21. Adrian
— ? —
Adrian
The fallout is swift and merciless.
Overnight, Newport rewrites the story: Vivienne Lockhart, cancer charity champion, threw champagne at the woman who was quietly paying a cancer patient’s bills - at her own gala.
She’s finished. Not because she was cruel; this town forgives cruelty.
Because she was stupid about it, in public, with witnesses.
And in her place, the whisper networks have a new favorite tragedy: Nina Moretti, the billionaire’s wife who gave it all up for a dying man. Tragic. Romantic. Wrong in every particular - but the truth has never once stopped Newport from telling a good story.
***
The farmers market is crowded when Nina and I arrive.
Nina is breathtaking in the ordinary light of a Saturday morning. She’s wearing jeans and a sweater, nothing special, but she moves through the market with the easy confidence of someone who has stopped caring what Newport thinks.
“Three pounds of the honeycrisp,” Nina says to the vendor.
He’s younger than I expected - thirty, maybe, with the kind of easy smile that belongs on a magazine cover. Sun-bleached hair. Farmer’s tan. The casual arrogance of a man who’s never had to work for female attention.
He doesn’t weigh the apples. He just grins at her.
“For you? On the house.”
“That’s really not-”
“I insist.” He leans across the table, bag extended, his eyes never leaving her face. “I’ve been watching you for weeks. You always pick the best ones.”
“I just look for the ones without bruises.”
“See? An eye for quality.” His grin widens. “I’m Joseph, by the way. In case you ever want to discuss apple varieties over coffee.”
My jaw tightens. I step forward, putting my hand on Nina’s back. “She’s married.”
“Oh, I know.” Joseph doesn’t look remotely deterred. His eyes flick to me, then back to her, dismissing me in a single glance. “Everyone knows. But word around town is the marriage has been... evolving.”
I am going to feed this man his own apples.
Nina’s spine goes rigid under my palm.
“The word around town,” she says coolly, “is wrong about a lot of things.”
She takes the bag. Turns away. Doesn’t look back.
Joseph shrugs at me like we’re sharing a joke.
I want to explain - in detail, with my fists - exactly how wrong he is.
I want to wipe that smug smile off his face.
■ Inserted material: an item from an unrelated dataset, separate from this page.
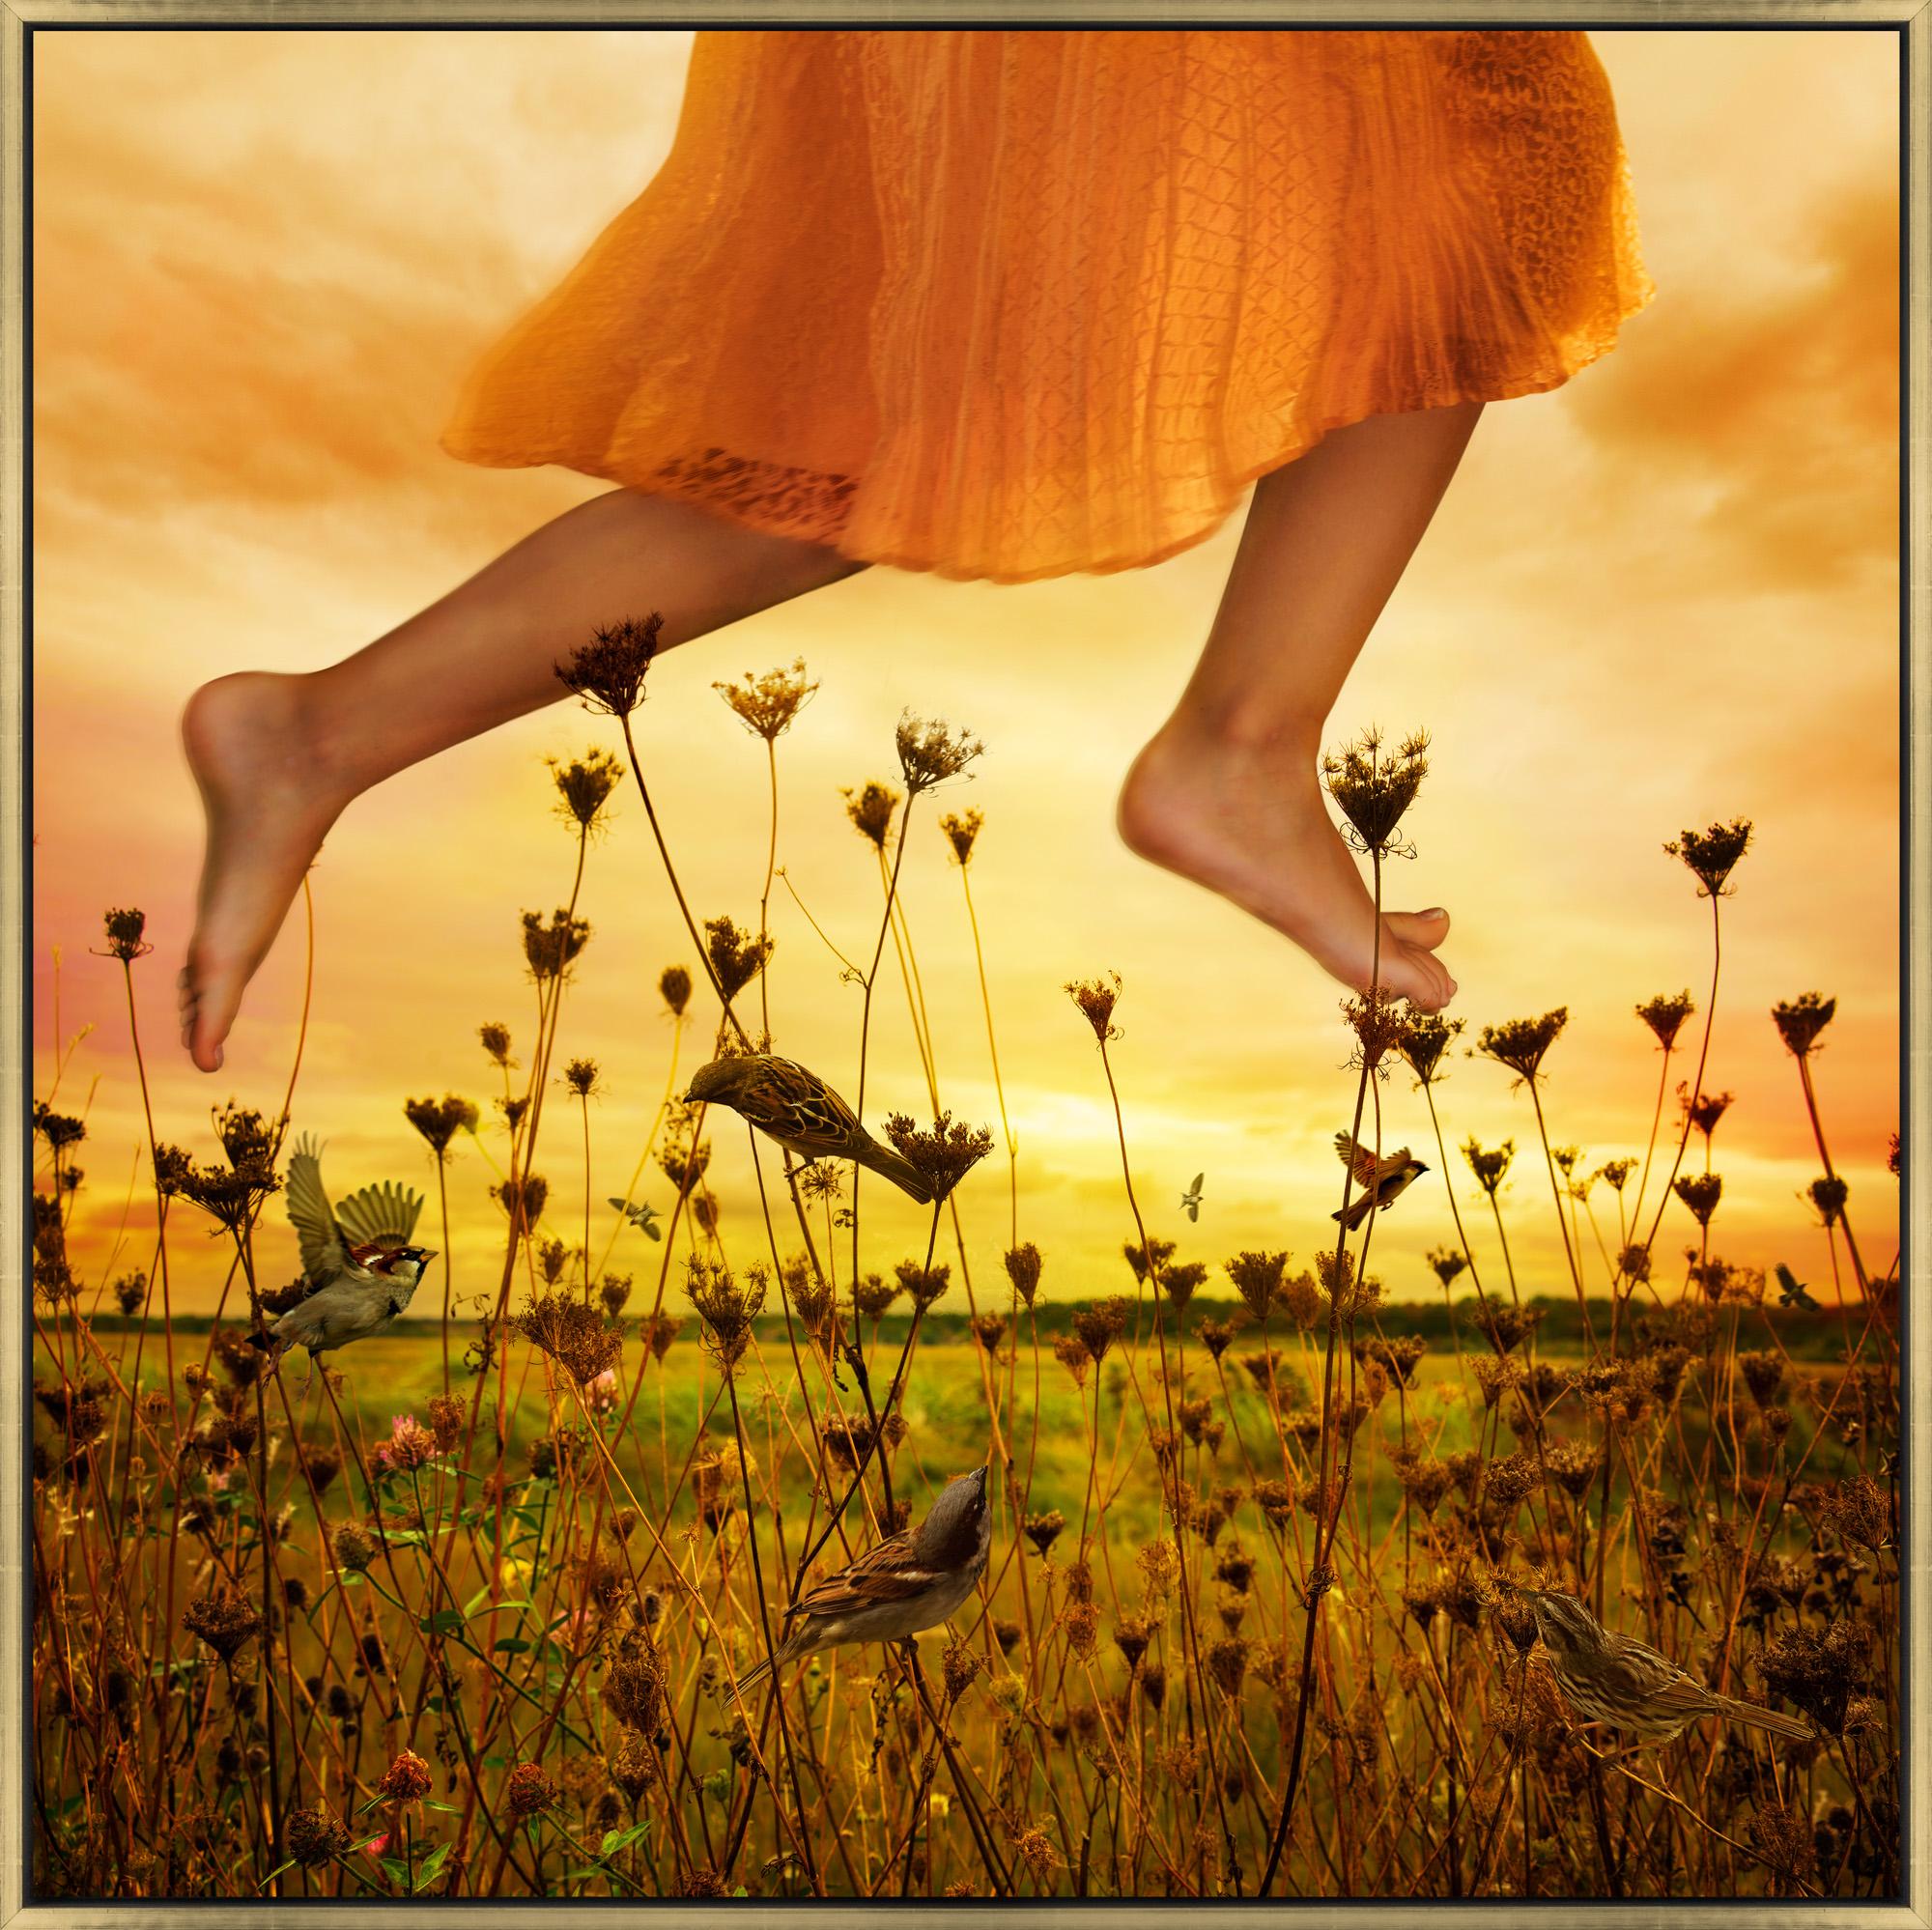 Tom Chambers Color Photograph - "Marsh Flight" Whimsical Photograph with Figure Jumping Over Flowers with Birds

I want to make it abundantly clear that my wife is not available, has never been available, will never be available to men who flirt over produce like it’s a sport.
Instead, I follow my wife.
Because that’s what I do now. Follow. Wait. Prove.
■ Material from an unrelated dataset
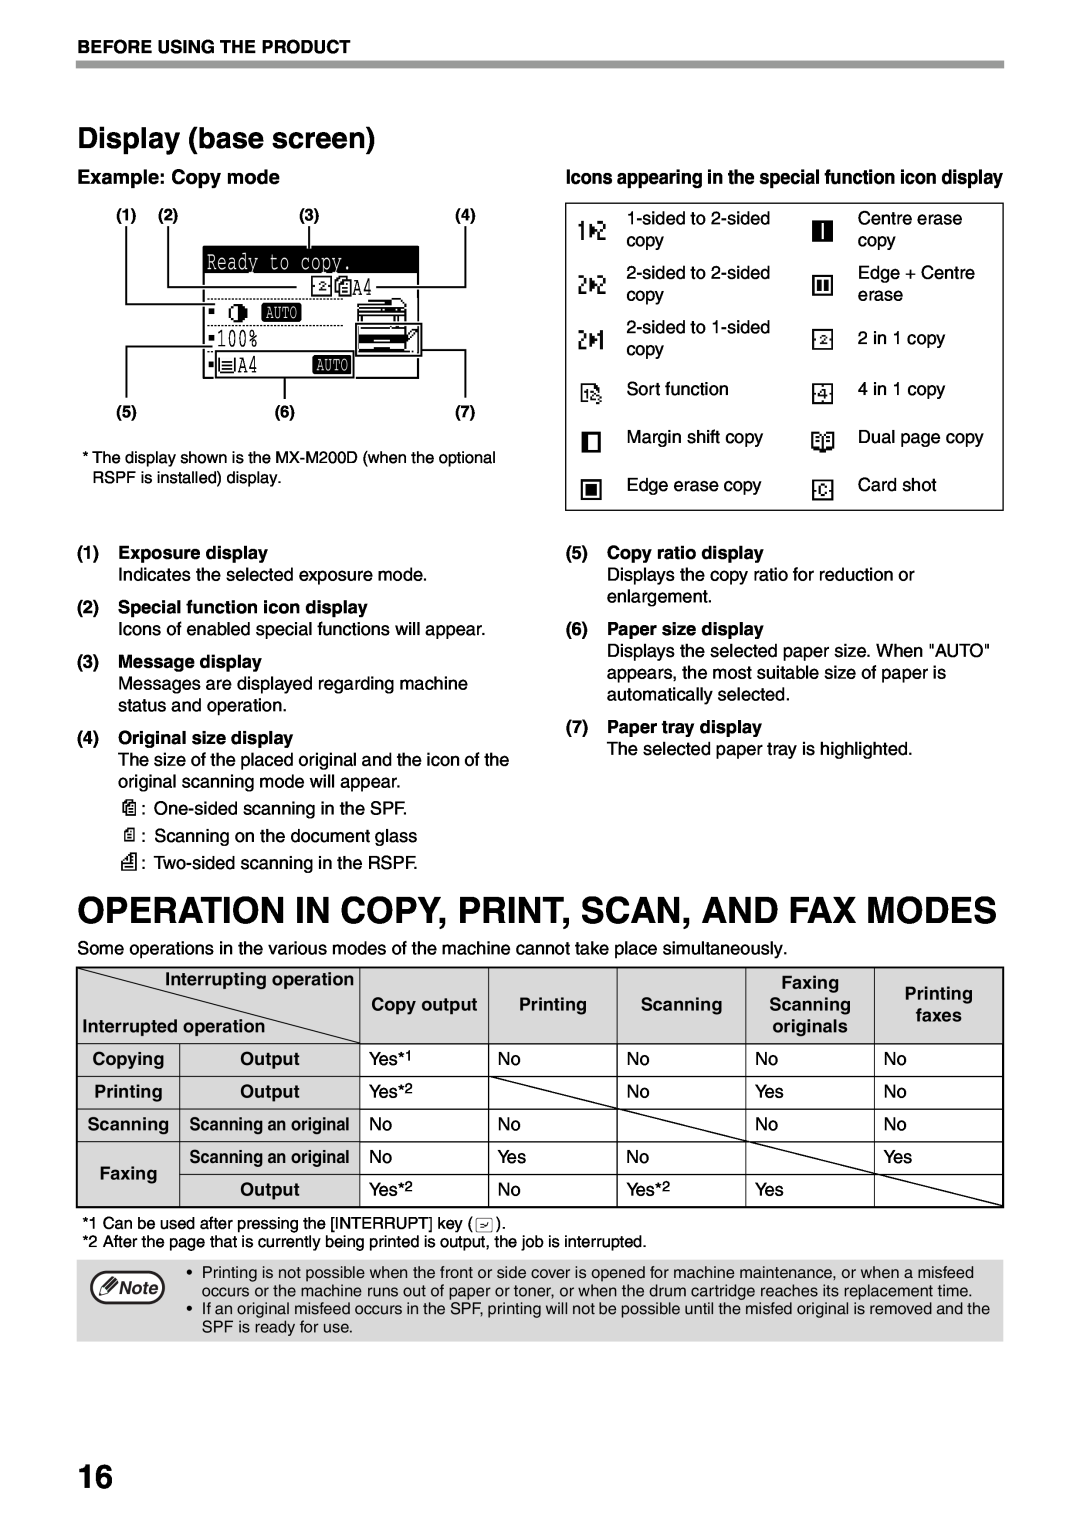 Sharp MX-M160D Operation In Copy, Print, Scan, And Fax Modes, Display base screen, copy, Example Copy mode, Ready, 100%

The jealousy burns in my chest like acid, and I swallow it without a word.
***
Nina
I should not find his restraint attractive.
I walk through the market with Adrian’s silent presence at my back, and I keep my eyes forward, and I absolutely refuse to acknowledge the heat spreading through my chest.
He wanted to hit that man. I saw it in his eyes - the flash of fury, the way his hand tightened on my back, the barely controlled tension in his jaw. The old Adrian would have done it. Would have made a scene, thrown around the Moretti name, reminded everyone within earshot exactly who I belong to.
But he didn’t.
He stood there. Swallowed it. Followed me without a word.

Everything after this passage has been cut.